══ Material to process ══
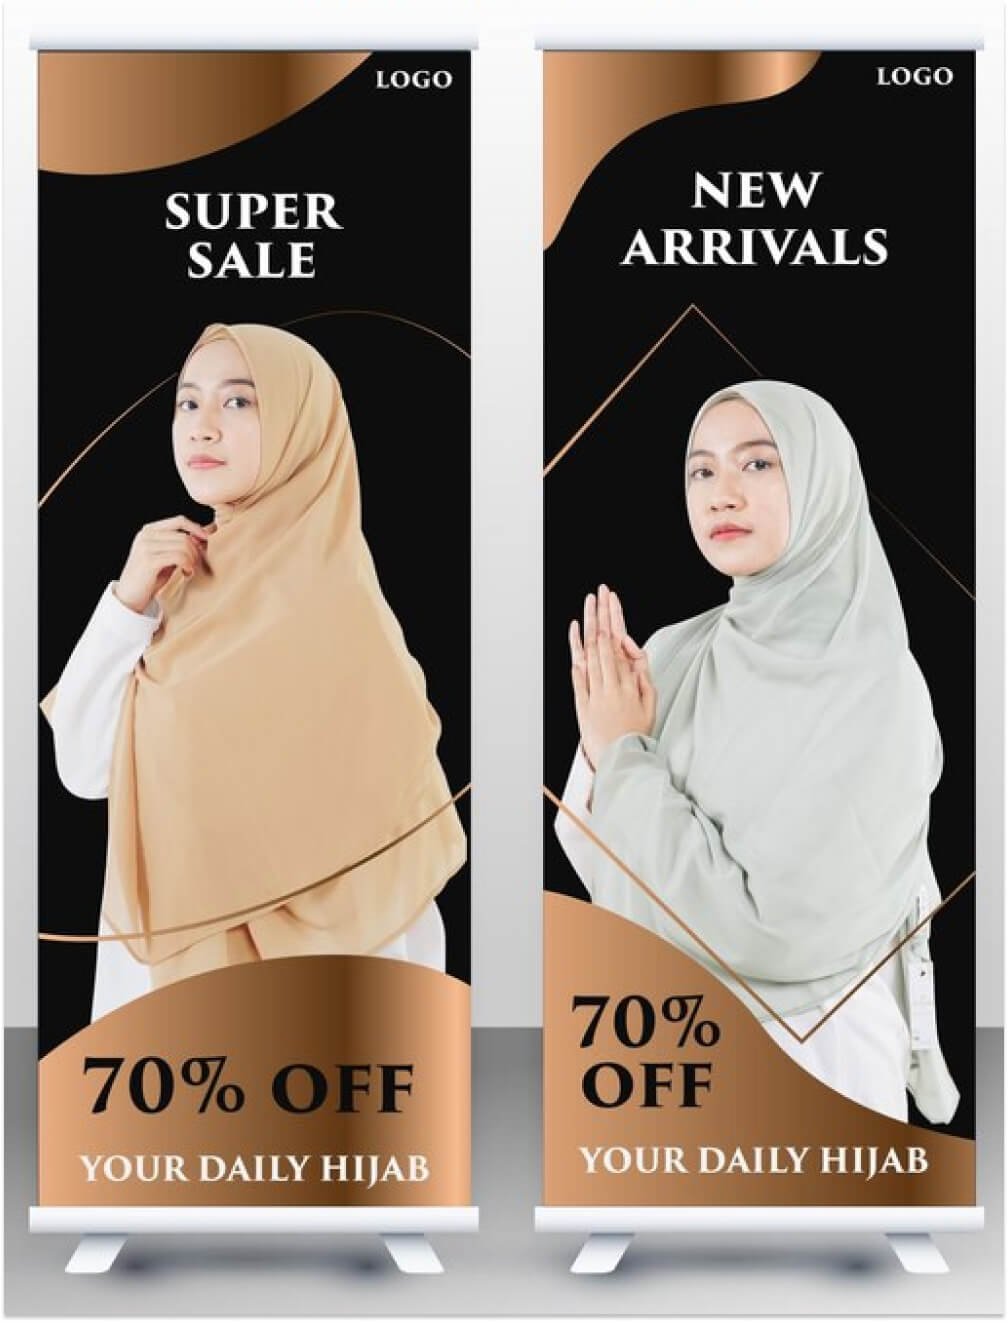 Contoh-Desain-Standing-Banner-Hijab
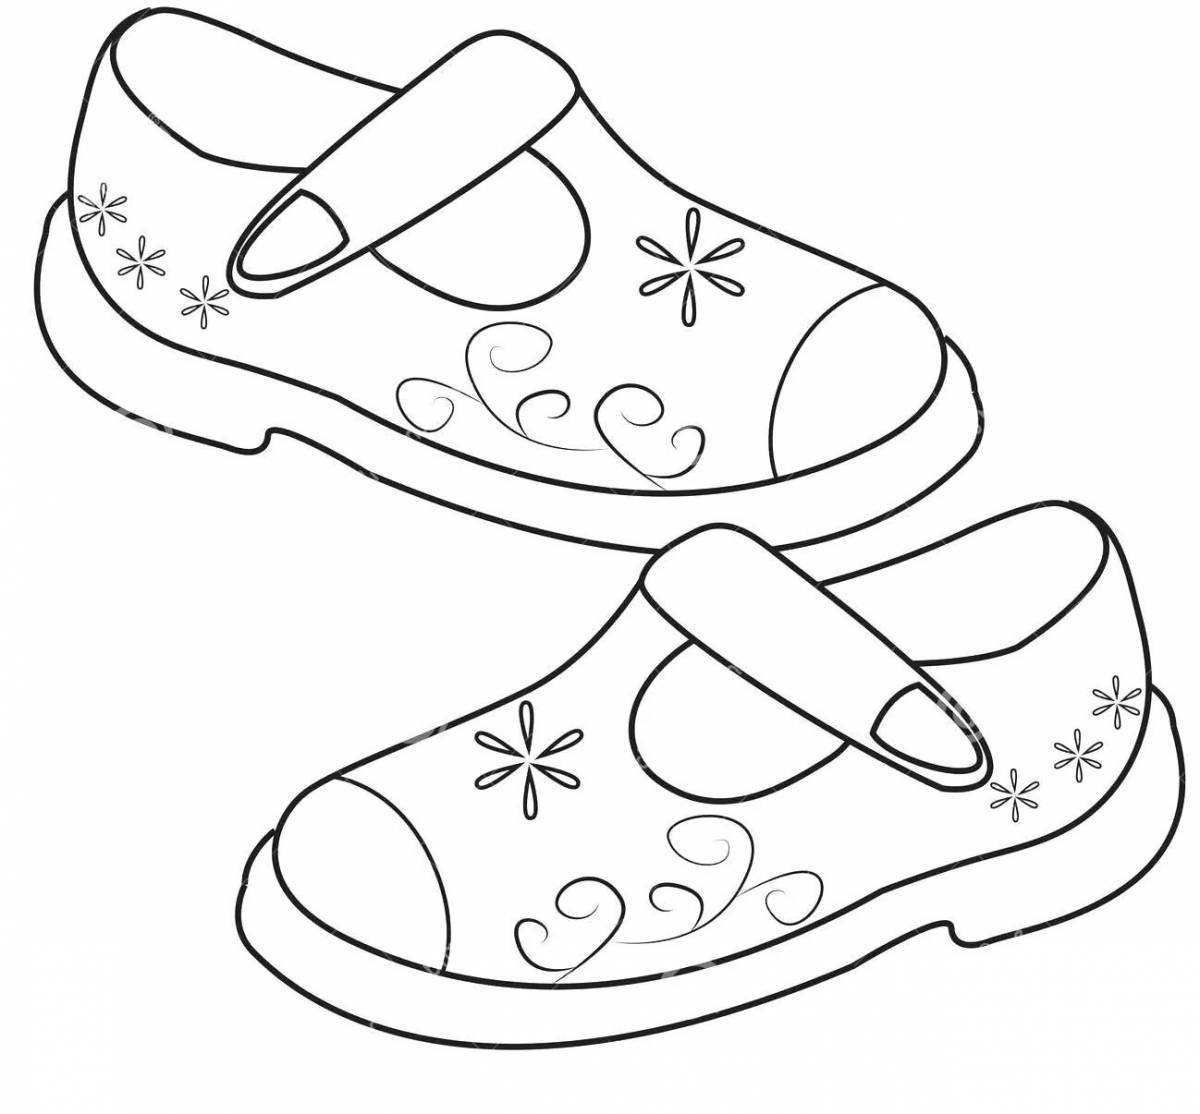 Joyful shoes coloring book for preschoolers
═══
══ Material to process ══
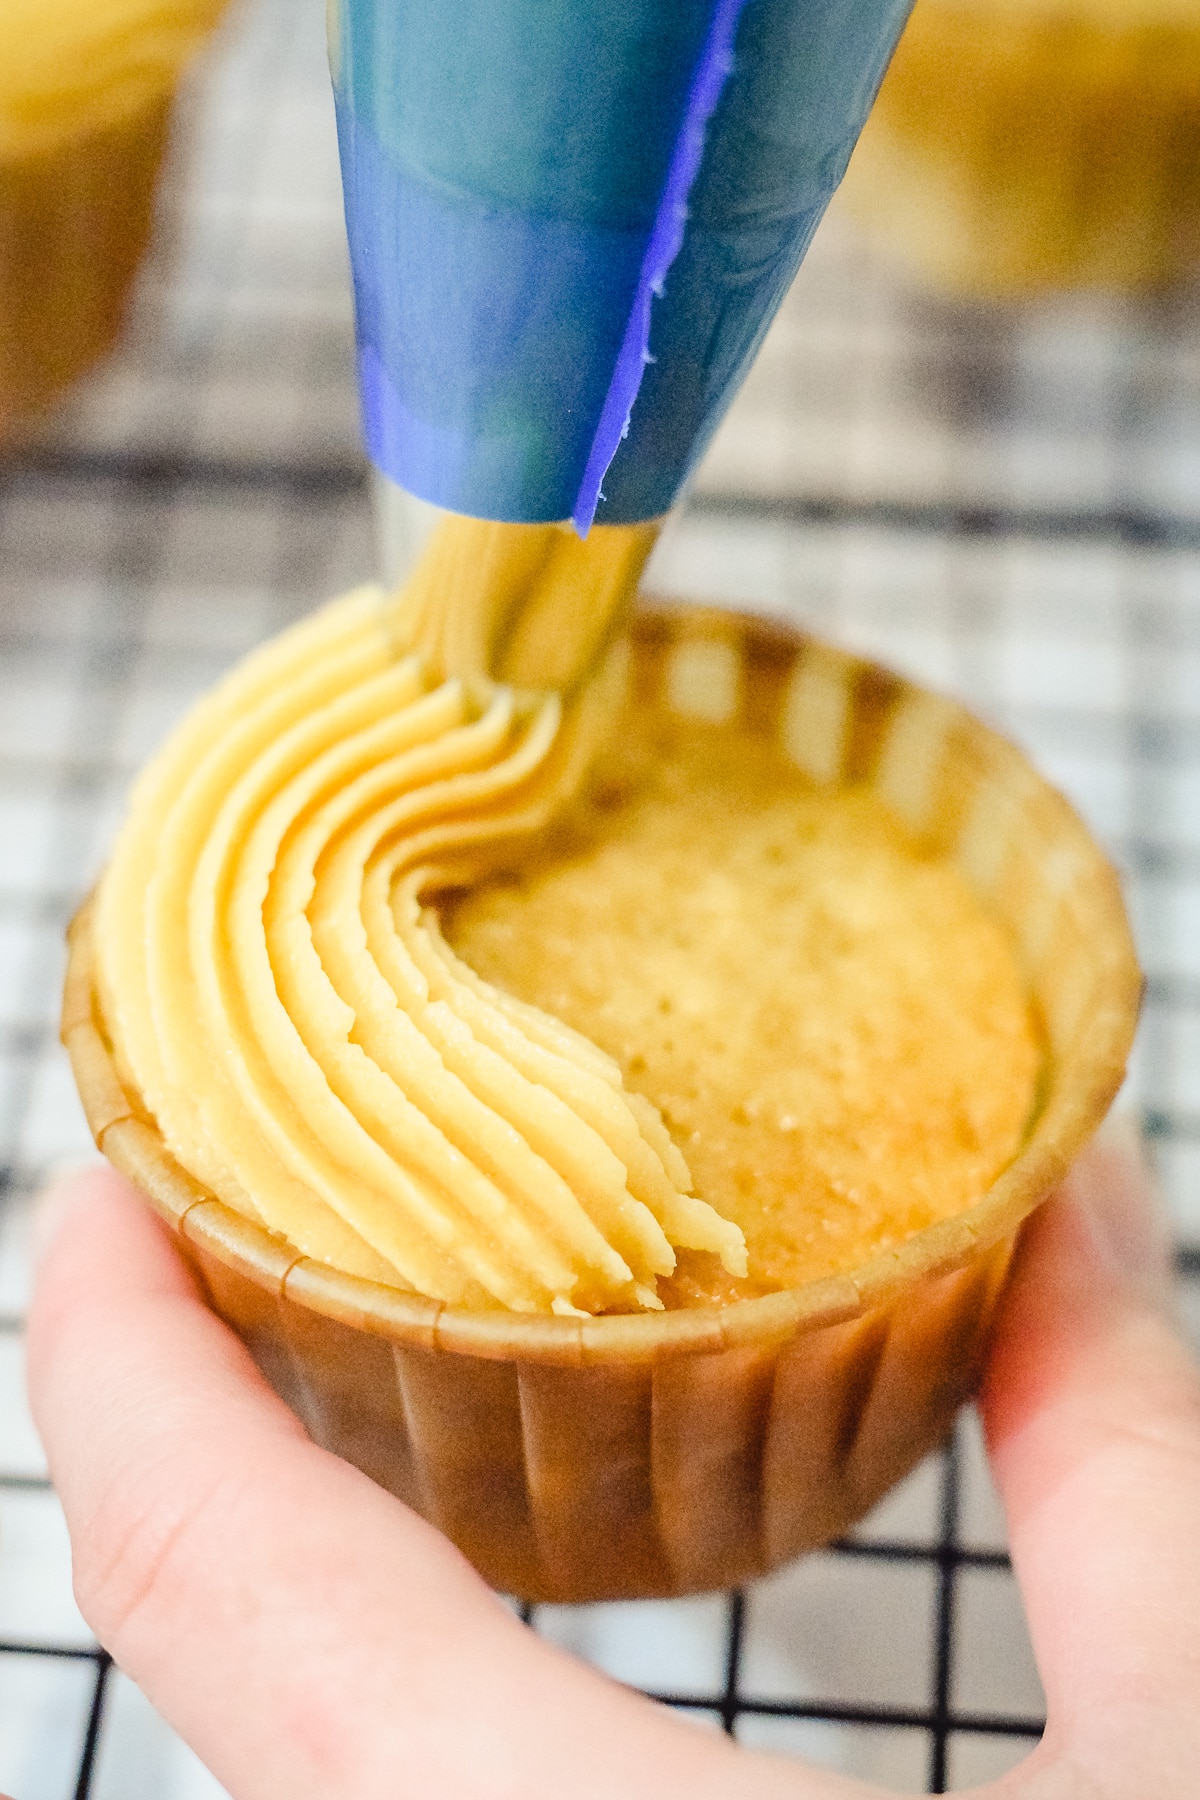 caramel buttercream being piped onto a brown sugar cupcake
═══
Starting at the line containing "Contoh-Desain-Standing-Banner-Hijab" and finishing at the line containing "Joyful shoes coloring book for preschoolers", return those lines exactly as they appear above, without the pictures.

 Contoh-Desain-Standing-Banner-Hijab
 Joyful shoes coloring book for preschoolers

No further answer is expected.